**Data excerpt**
········

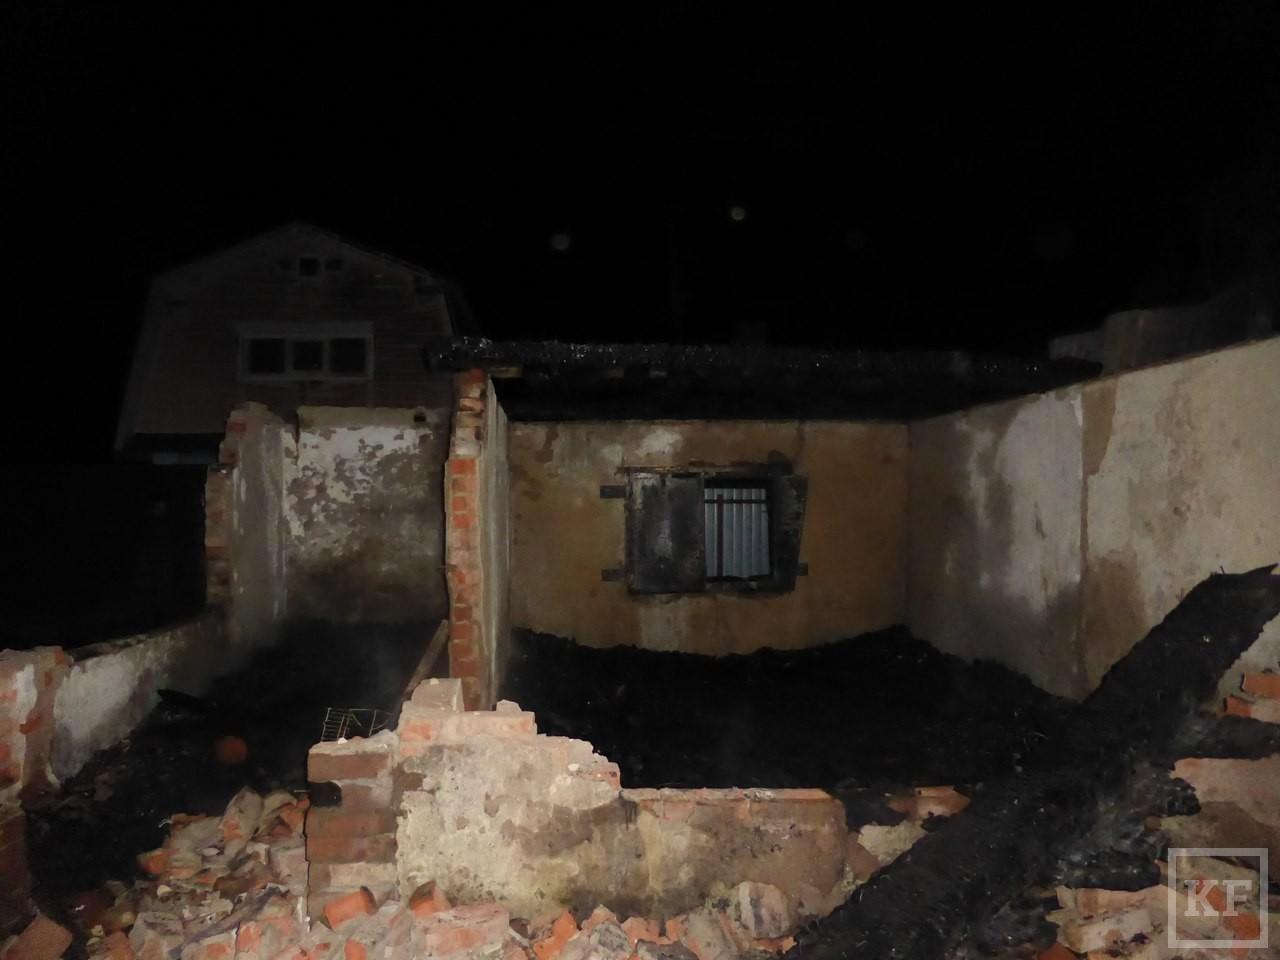 Житель Нижнекамска, пытаясь спасти дачный дом от огня, получил 90% ожогов тела
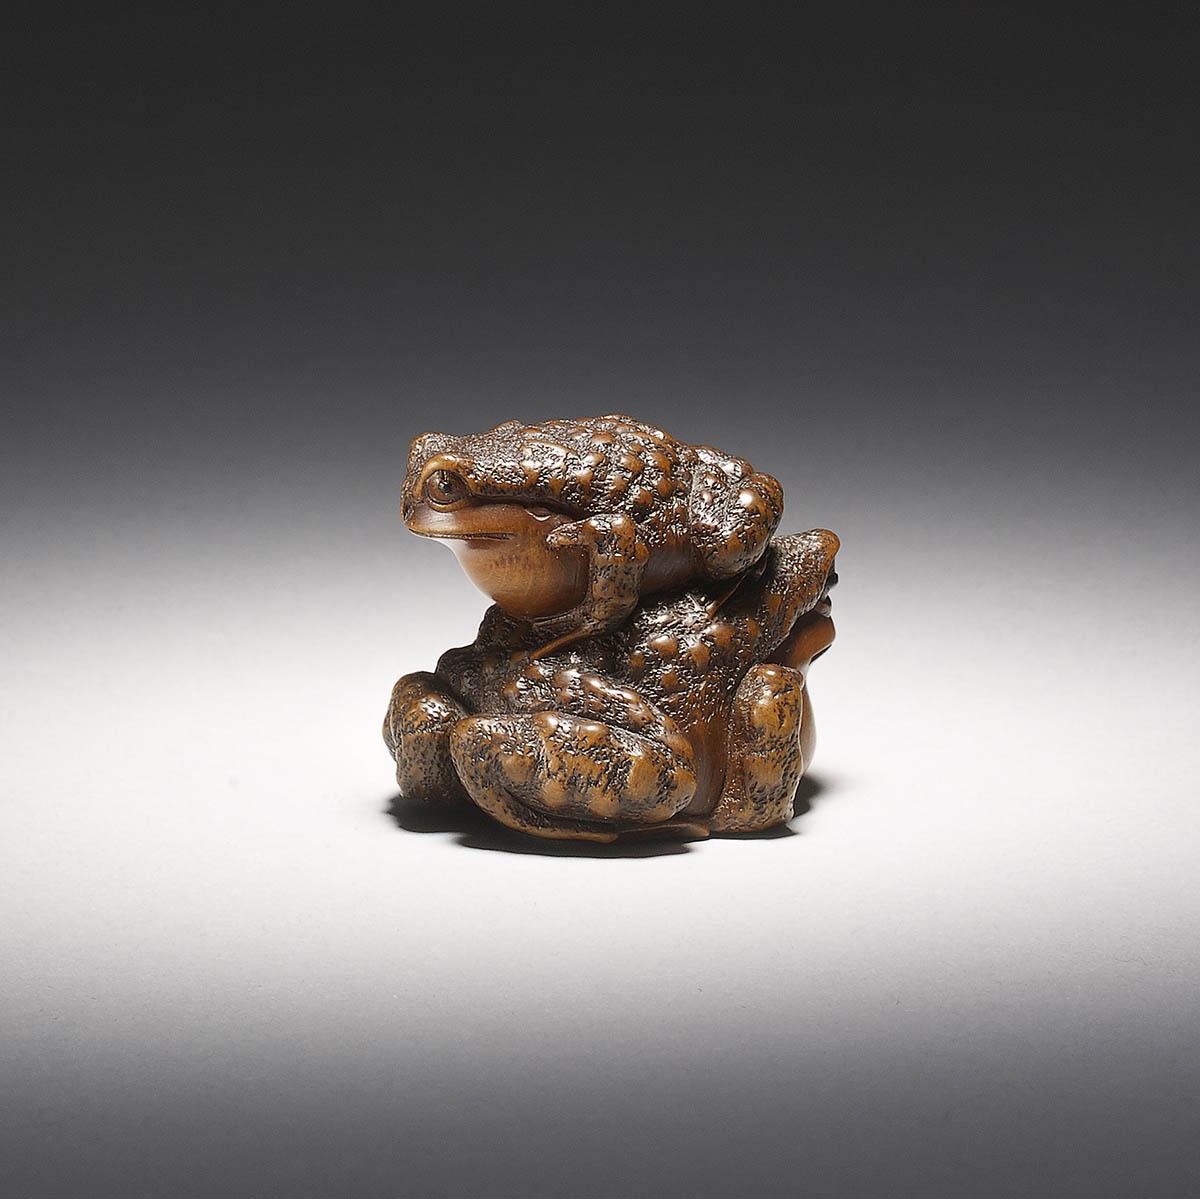 Wood Netsuke of Frogs by Masanao of Yamada back view
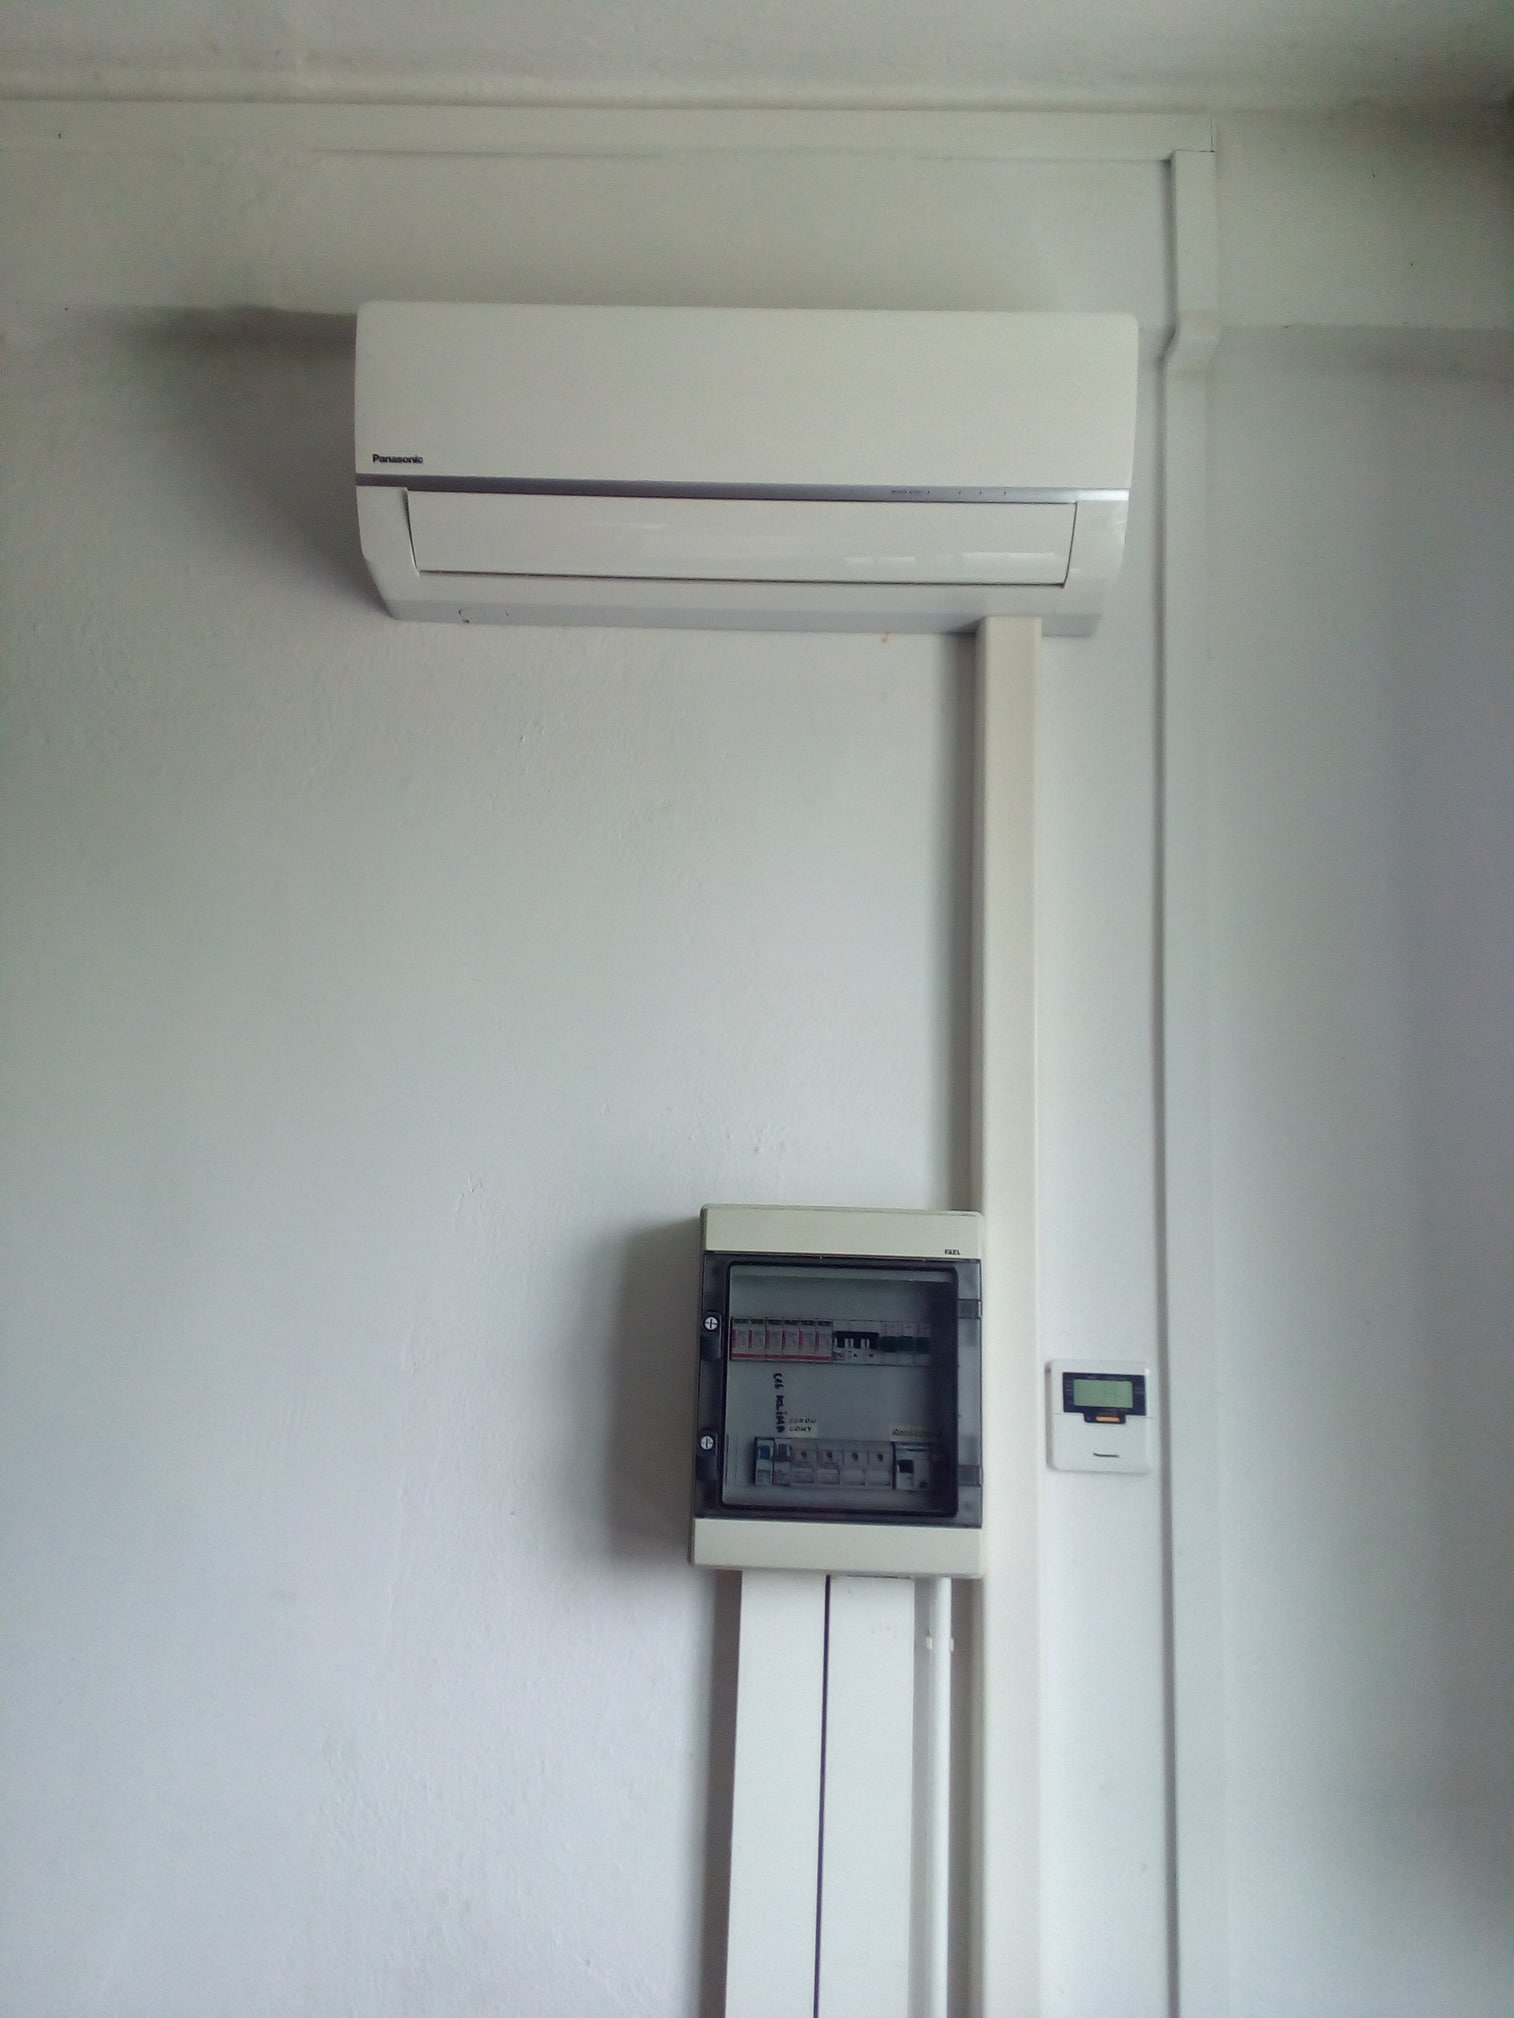 realizacja-klimatyzator-nascienny-panasonic-tkea-jednostka-wewnetrzna-sewerownia-cukrownia

········

**Assigned task**
Write out the data exactly, but not its pictures.

**Solution to the exercise**
 Житель Нижнекамска, пытаясь спасти дачный дом от огня, получил 90% ожогов тела
 Wood Netsuke of Frogs by Masanao of Yamada back view
 realizacja-klimatyzator-nascienny-panasonic-tkea-jednostka-wewnetrzna-sewerownia-cukrownia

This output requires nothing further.